The US Food and Drug Administration has issued a warning about vulnerabilities in St. Jude Medical’s implantable cardiac devices, including pacemakers. This would allow an attacker to send commands to the devices.

In the warning, the FDA writes that an attacker can make contact with a device via an RF connection and then, for example, drain the battery or shock a person. These findings are the result of an organization’s own investigation into the safety of St. Jude Medical’s devices. This focused in particular on the ‘Merlin@home’ transmitters, which make contact with a home monitor via an RF connection. The latter can then forward the data to the attending physician.

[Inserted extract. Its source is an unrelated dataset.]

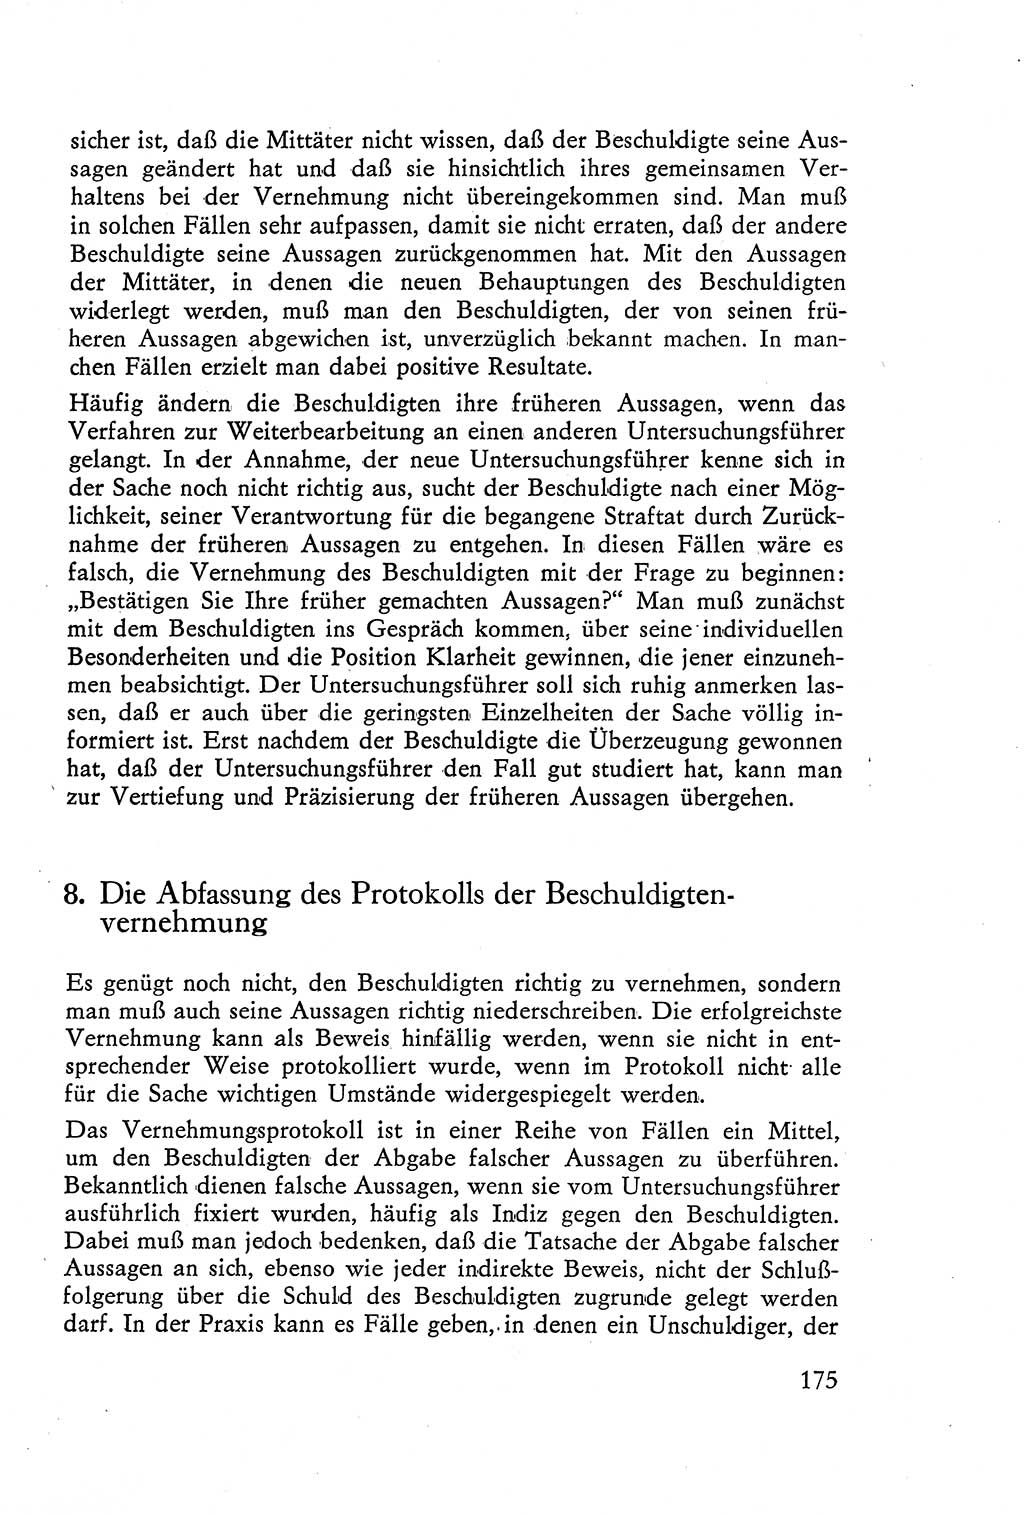 Die Vernehmung [Deutsche Demokratische Republik (DDR)] 1960, Seite 175 (Vern. DDR 1960, S. 175)

St. Jude Medical says in its own message that it has released patches for the vulnerable devices. It even speaks of a ‘very low risk’ that attackers would exploit the leaks. So far, there have been no reports of users falling victim to an attack. The deficiencies in St. Jude Medical’s products were initially identified in a study by the company MedSec.

It said St. Jude is “far behind in security” and has done nothing to ensure the safety of its customers for quite some time. For example, the company has been aware of the security problems since 2013. St. Jude responded to MedSec’s findings at the time, saying they were inaccurate.

This is not the first time vulnerabilities in devices such as pacemakers have been found. For example, in 2012, security researcher Barnaby Jack found software vulnerabilities in pacemakers, which could potentially be exploited with deadly consequences. In October of last year, the American company Johnson & Johnson warned about vulnerabilities in an insulin pump, after researcher Jack also did this for Medtronic devices in 2011.